As for Biden’s attitude towards Afghanistan, which has seemed to be one of annoyance, criticism is more than warranted. Exasperation with Afghans for not standing up for themselves is an outrageous sentiment on Biden’s part. American decision-makers have had their share of justified frustrations with the Kabul government over the past couple of decades. And the tumultuousness of those years is not all to America’s credit. However, the notion that the Afghan people have been negligent or failed to shoulder responsibility is preposterous. At this point in time, Afghanistan has endured generation upon generation of war and humanitarian crises, almost none of which were spurred by an internal crisis that the rest of the international community got sucked into. That is the key piece of information that Biden and many other Americans seem to have forgotten. The situation in Afghanistan was triggered by the repeated insertion of outside turmoil. Since the Soviet Union’s 1979 invasion, Afghanistan has existed as a sort of communal battleground for regional and global powers to vie for their security and self-interest at the expense of Afghanistan’s stability. The U.S. has held a decades-long presence, the CIA virtually created and funded the Taliban as part of its own anti-Communism agenda, Pakistan has actively supported the mujahideen and Taliban, and more. In light of all those decades of history, blaming Afghans for the success of the Taliban is blatantly wrong. The rest of the world has not allowed Afghanistan to recuperate as a normally functioning state.

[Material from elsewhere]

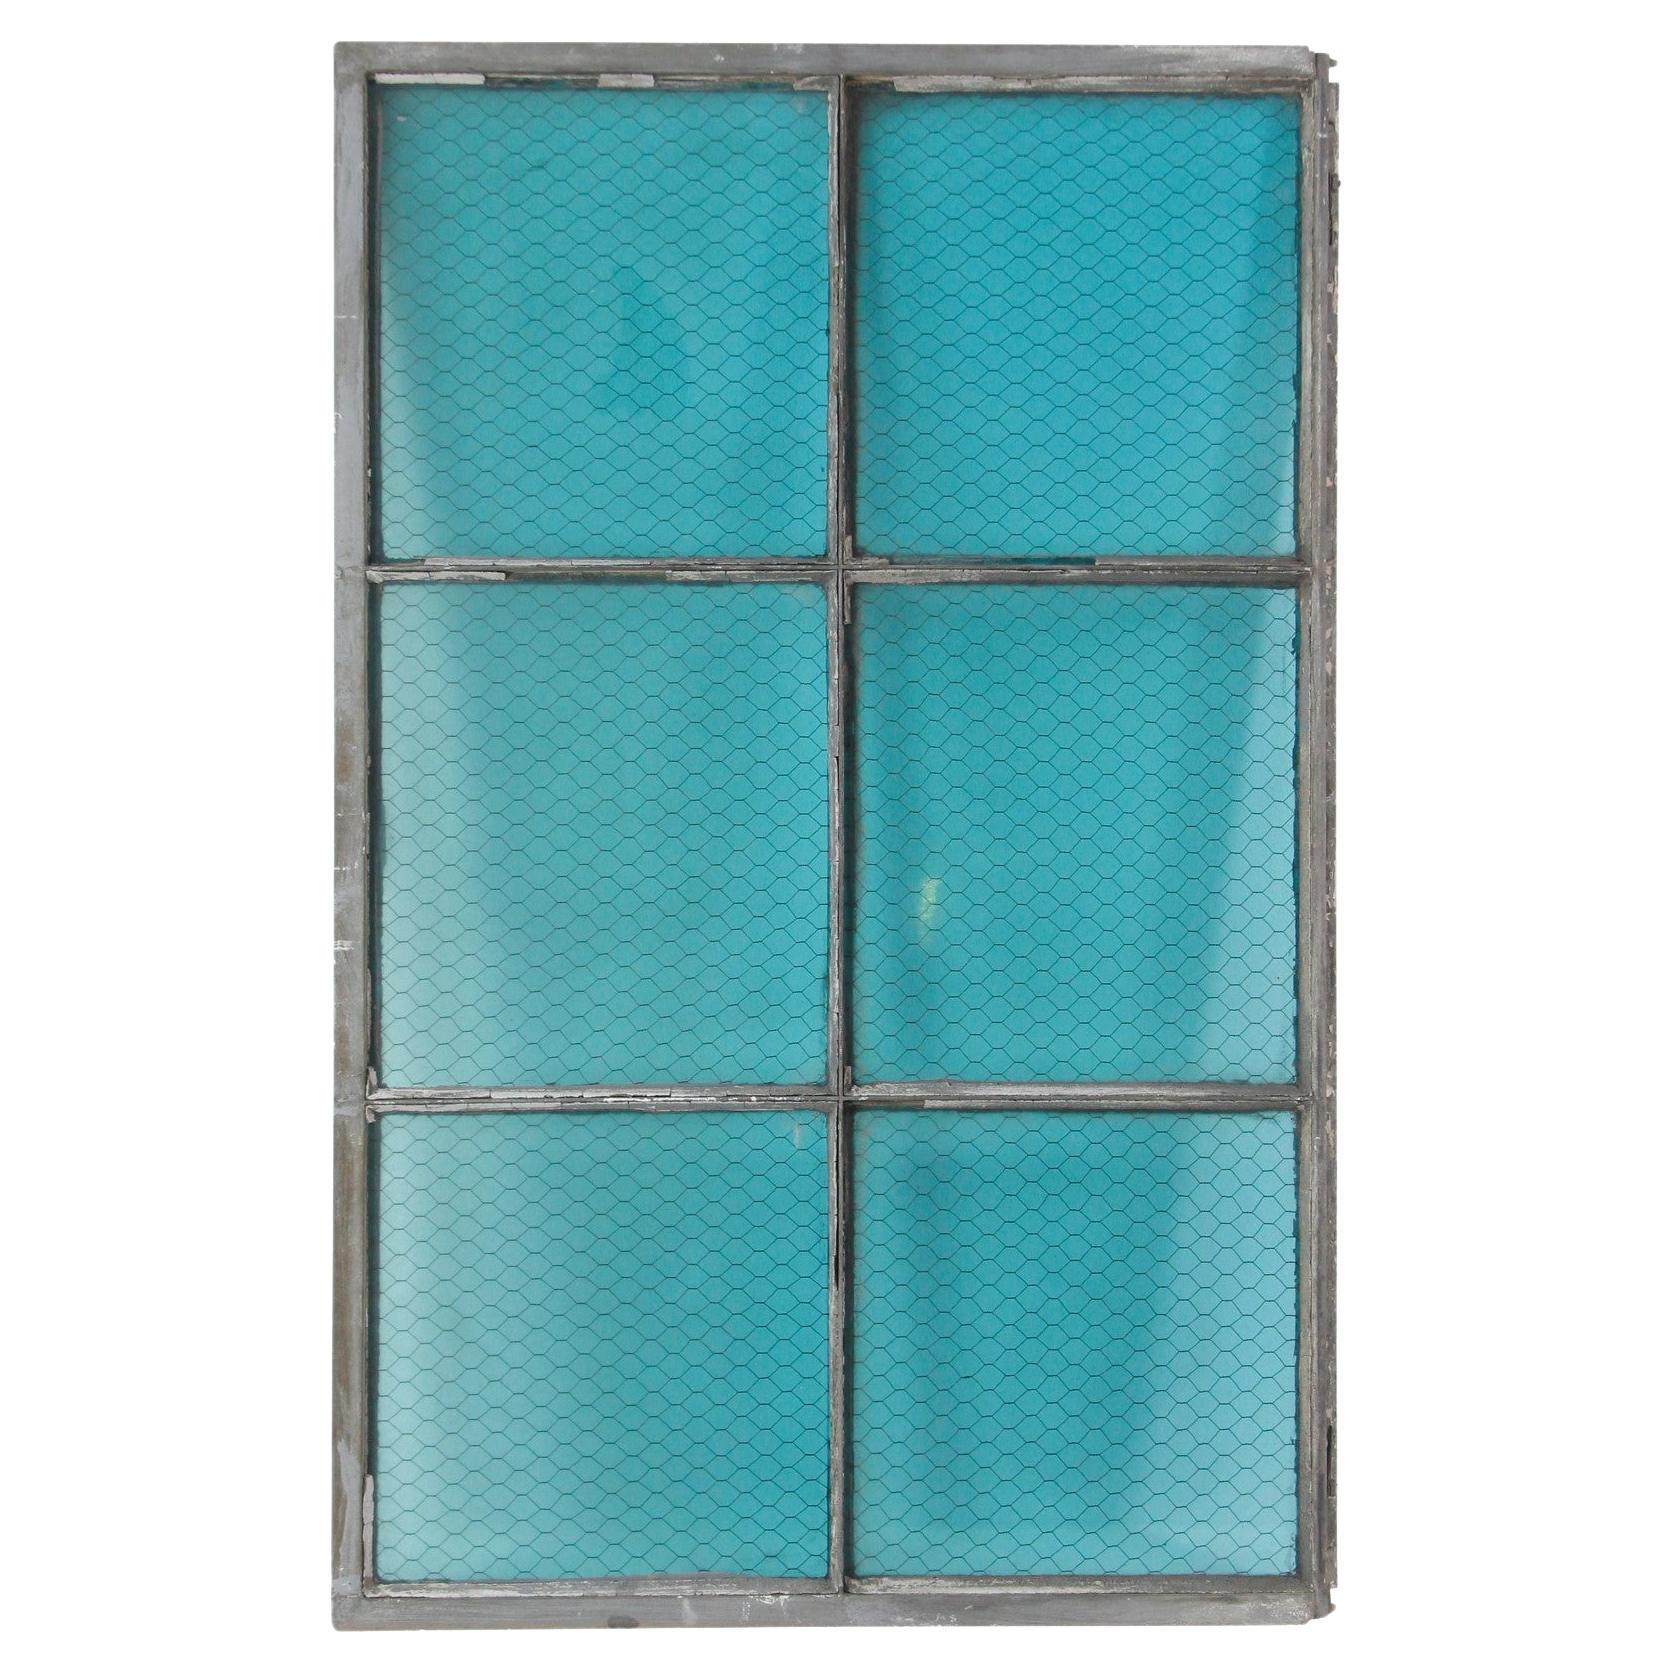 6 Pane Blue Chicken Wire Glass Iron Industrial Window

This is not in any way an argument in favor of American occupation in Afghanistan, or the Middle East at all for that matter. The U.S.’s presence was a direct manifestation of its imperialist agenda. With all due acknowledgment of the Taliban’s vileness and the damage that it has inflicted on the Afghan people, it is important to not confuse fear of the Taliban and fear of a loss of imperialism. This is something that has all too often been done in America’s recent history. It would be wildly incorrect to suggest that the U.S.’s presence brought about a net positive for the Afghan people. During the occupation, there was some notable progress made regarding the rights and freedoms of women. However, Human Rights Watch has astutely pointed out that any progress made took place against a backdrop of atrocious violence and abuse of the Afghans. U.S.-backed militias committed a slew of human rights abuses that ultimately outweighed fragile social progression. And American interference structurally impaired Afghanistan’s ability to function as a self-sufficient state. American occupation, more often than not, does not solve problems as much as it creates them.